You can configure the behavior of the Hume MCP Server using these environment variables:

VariableDescription
HUME_API_KEY

Your Hume AI API key (required). You can obtain this from the Hume AI Platform.

WORKDIR

Working directory for audio files (default: OS temp directory + “/hume-tts”). This is where generated audio files will be stored.

EMBEDDED_AUDIO_MODE

Enable/disable embedded audio mode (default: false, set to ‘true’ to enable).

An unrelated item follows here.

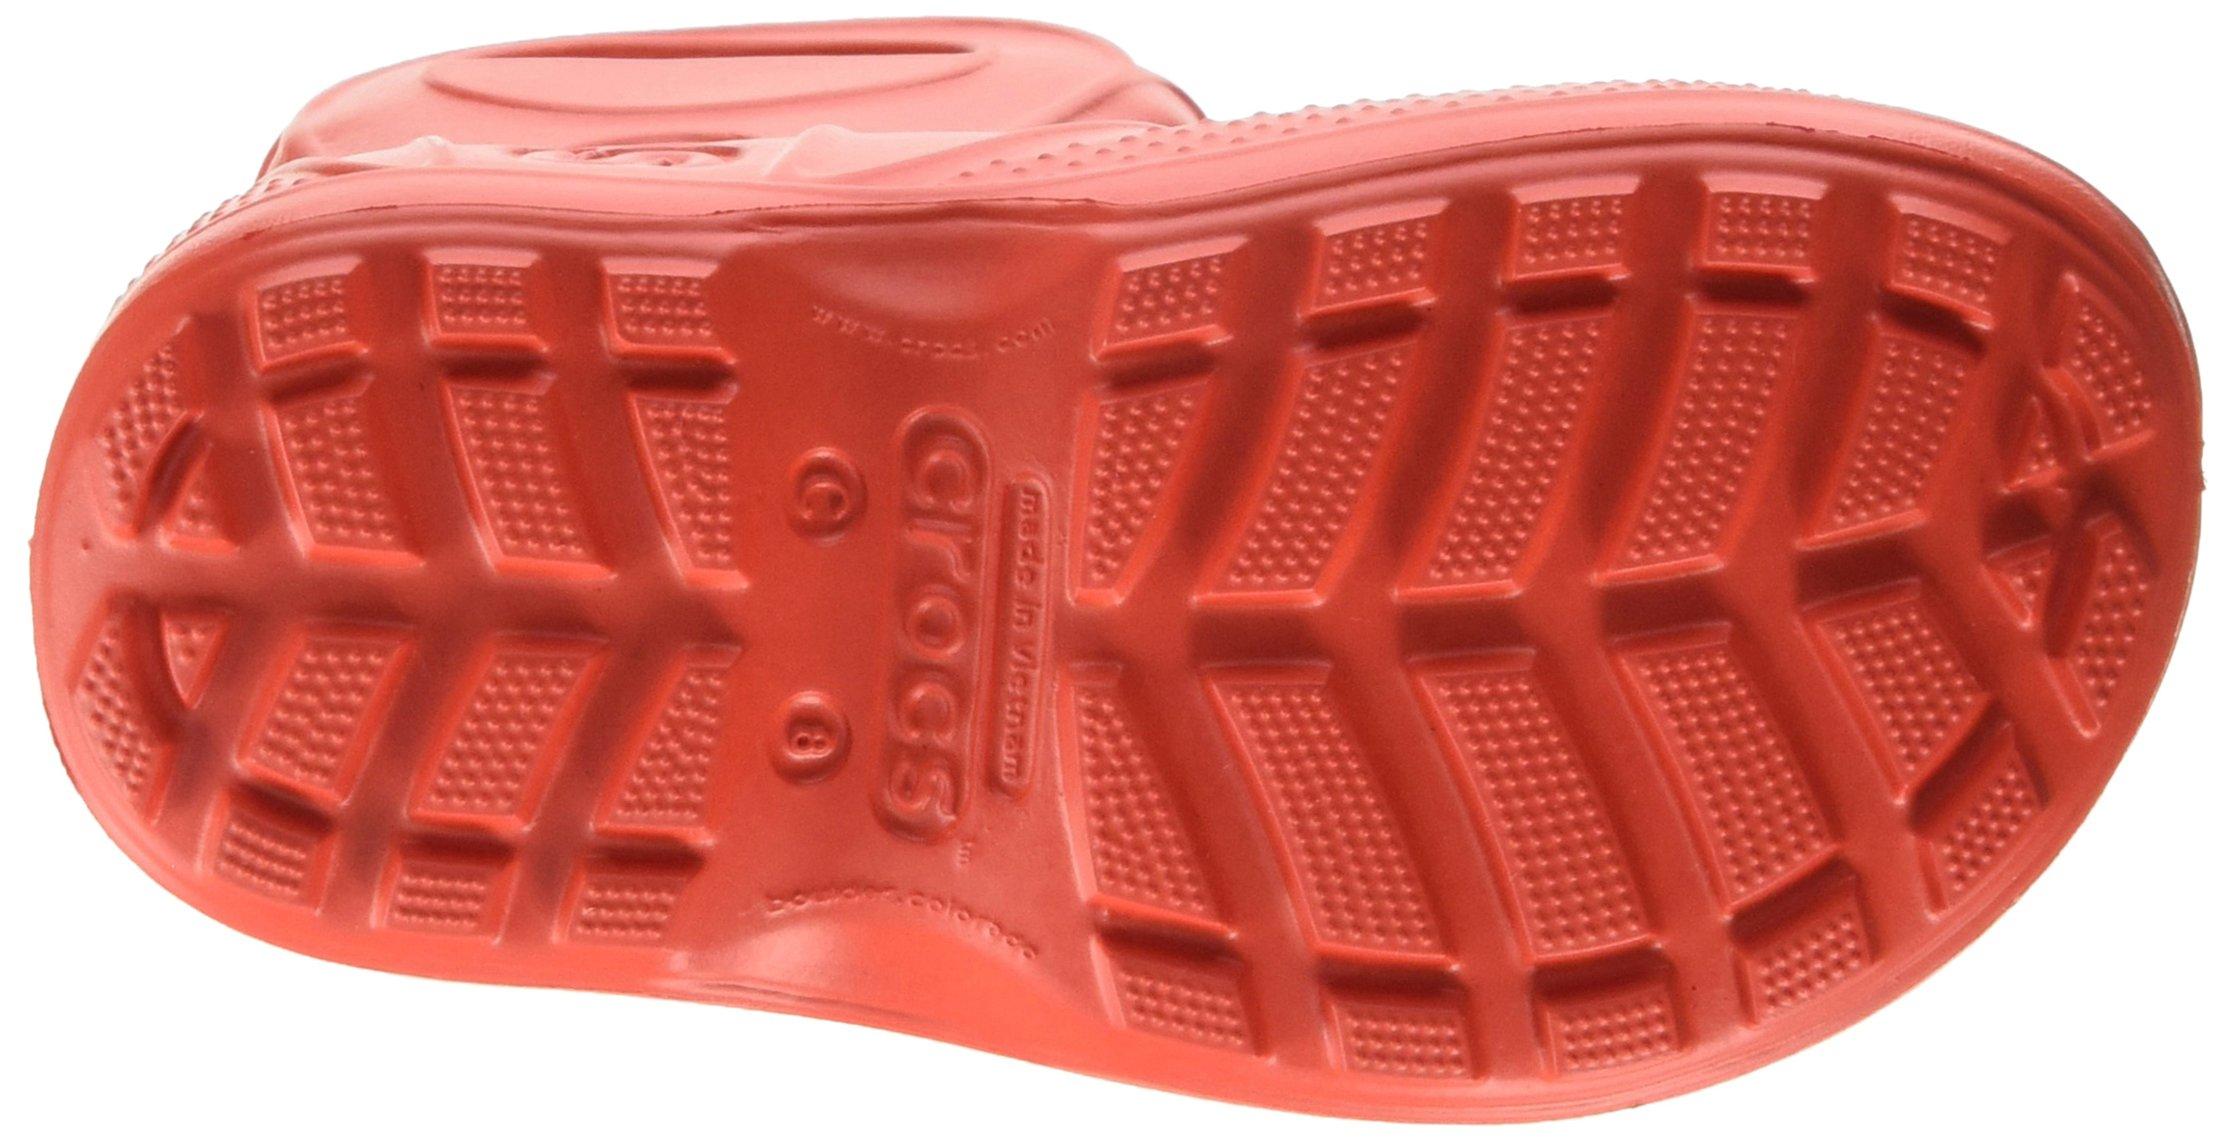 Crocs Kids' Handle It Rain Boot, Flame, 8 M US Toddler by Crocs (Image #3)
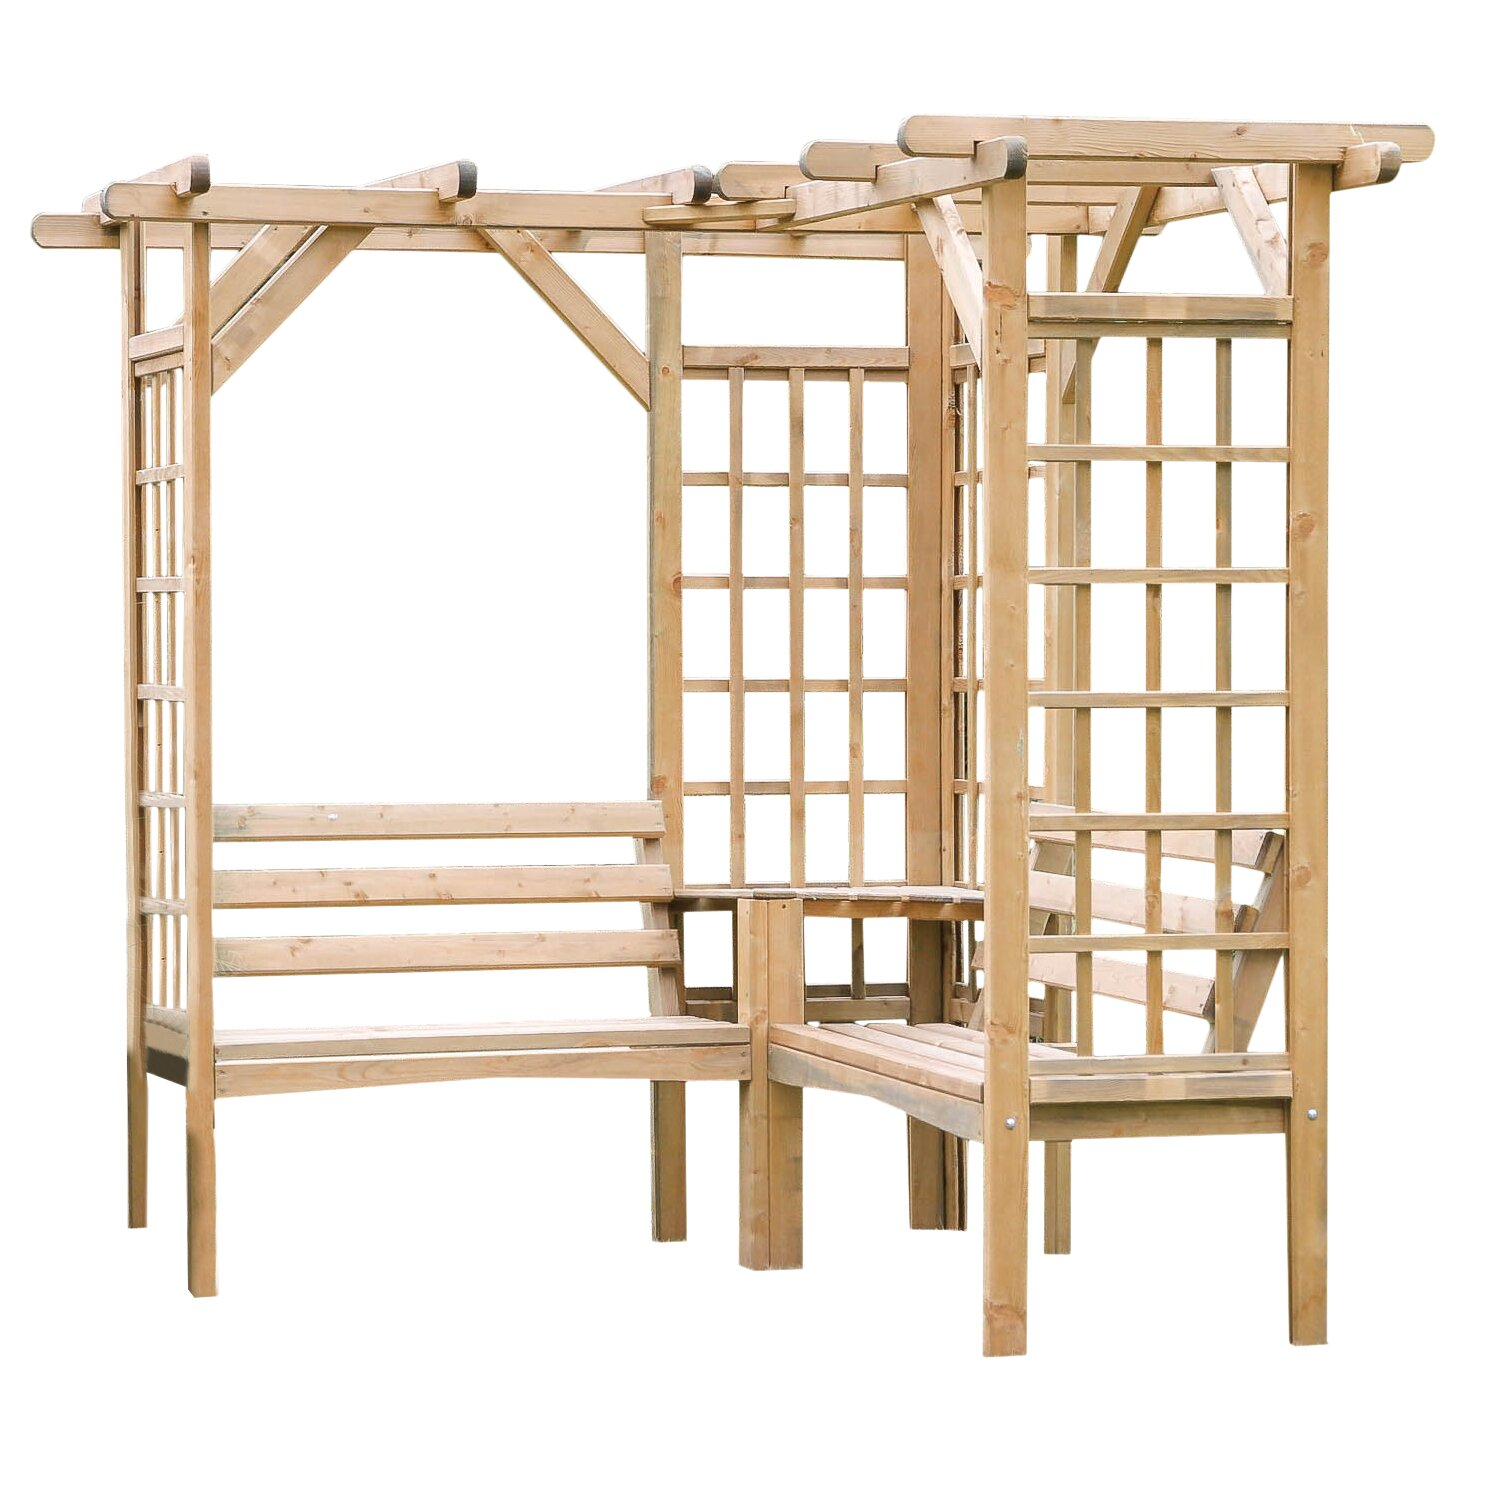 zest 4 leisure rosenbogen mit bank bewertungen. Black Bedroom Furniture Sets. Home Design Ideas

Embedded audio files are a new addition to the MCP specification and most MCP client application do not yet support them. This can be useful if you are designing an MCP client specifically to work with Hume.

INSTANT_MODE

Enable/disable instant mode (default: false, set to ‘true’ to enable). Instant mode allows for faster TTS generation but incurs a 10% additional cost. This setting overrides the default instant_mode parameter sent to the TTS API.

Default API parameters

The MCP Server applies several default parameters to API requests for convenience:

ToolParameterDefaultDescription
ttsstrip_headerstrue

Headers and non-speech text are automatically removed from the input.

format.type"wav"

All audio is generated in WAV format for best compatibility with audio players.

instant_modetrue

Instant mode is enabled by default for the TTS API (API default is false) for faster synthesis. This default can be overridden by setting the global instant mode option through the command line flag or environment variable.

list_voicespage_size100

Returns up to 100 voices per request (API default is 10) to minimize pagination needs.